Deception on His Mind (Inspector Lynley, #9)(29)



“But you do know how he died?”

“We knew that the moment we got a clear look at him. But it's something I'd like to keep from the Asians as long as I can.”

“Why? If they know it's a murder—”

“Because this kind of murder suggests the very thing they're claiming.”

“A racial incident?” And when Emily nodded, Barbara asked, “How? I mean, how could you tell by looking at the body that it's a racial killing? Were there marks on it? Swastikas or something?”

“No.”

“Some sort of National Front calling card left at the scene?”

“Not that either.”

“Then how can you conclude—”

“He was seriously bruised. And his neck was broken, Barb.”
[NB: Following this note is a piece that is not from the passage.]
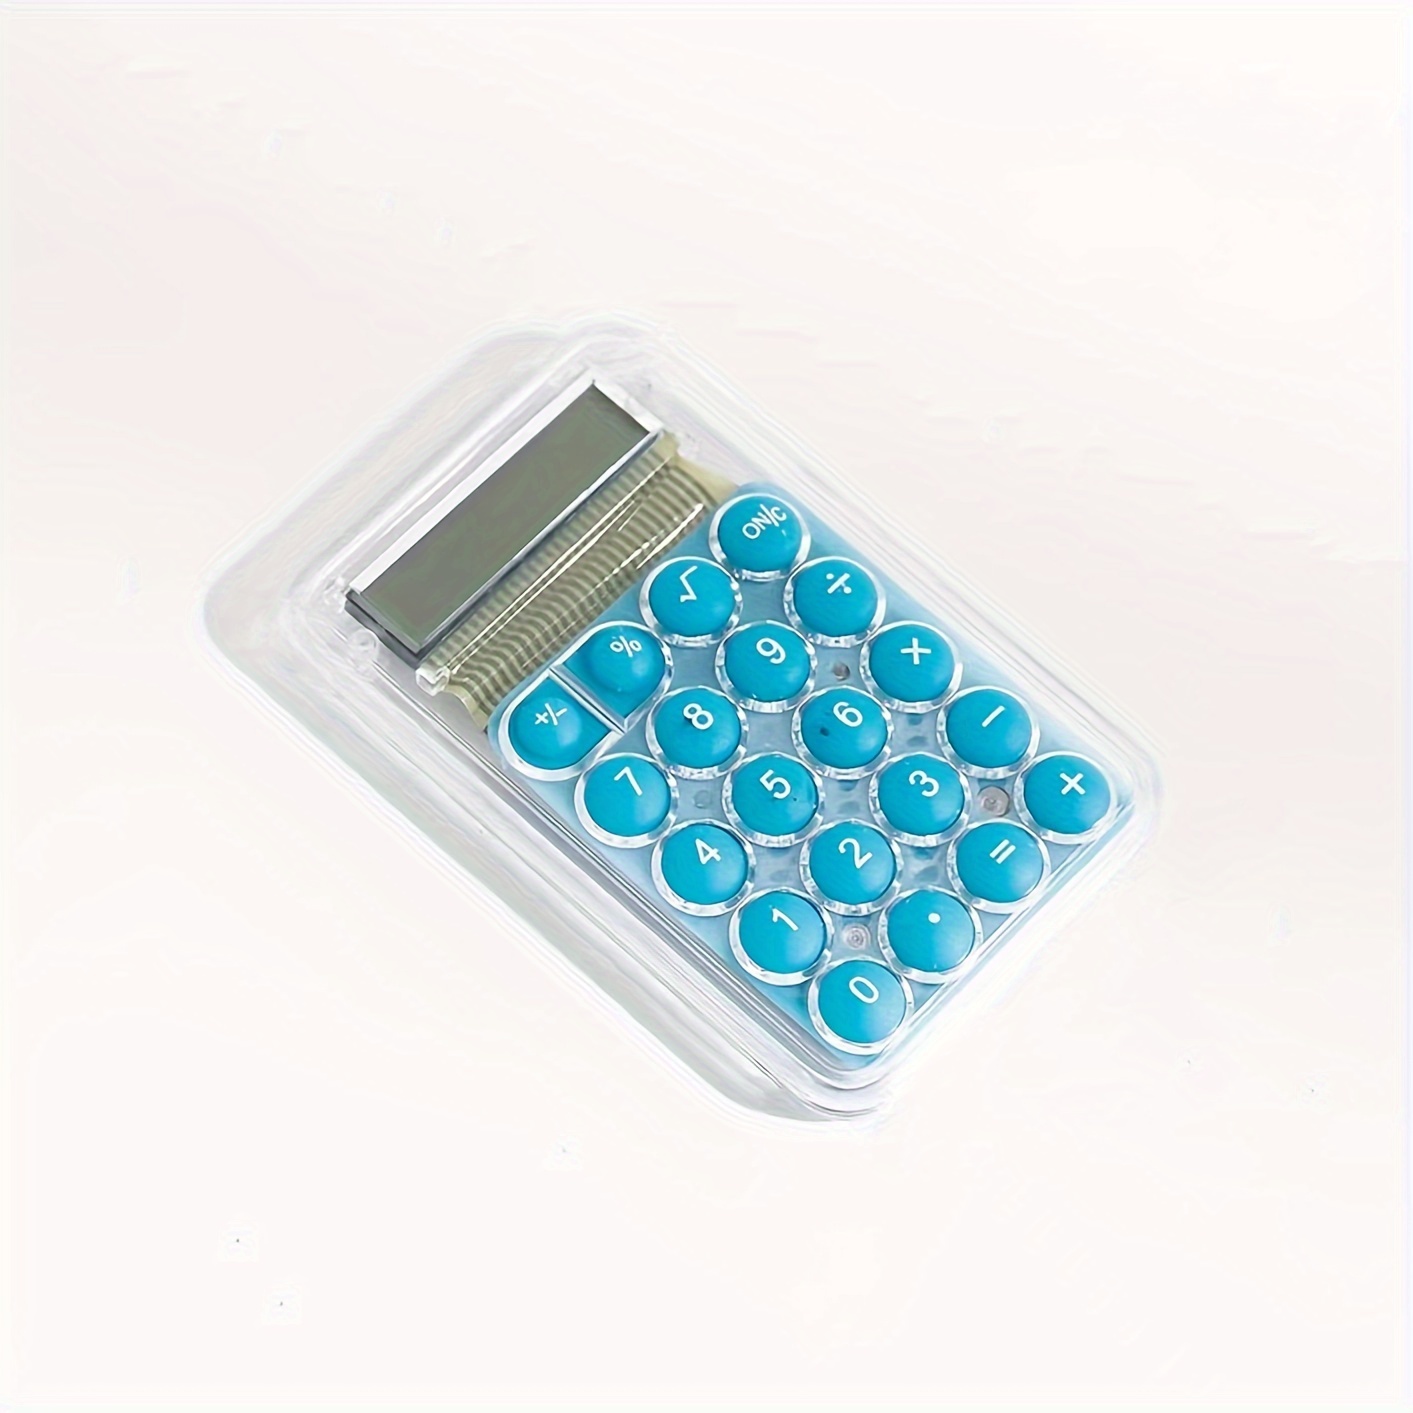 cute mini large display high appearance value portable 8 digit electronic calculator small arithmetic

“Whoa. Bloody hell.” Barbara's words were reverent. She recalled what she'd read. Querashi's body had been found inside a pillbox on the beach. This suggested a lying in wait and an ambush. Taken in conjunction with a beating, the death could indeed be interpreted as having been racially motivated. Because premeditated killings—unless they were preceded by the sort of tortures favoured by serial killers—were generally swift since the object was death. Additionally, a broken neck suggested another man as the killer. No average woman would have the strength even to begin to break a man's neck.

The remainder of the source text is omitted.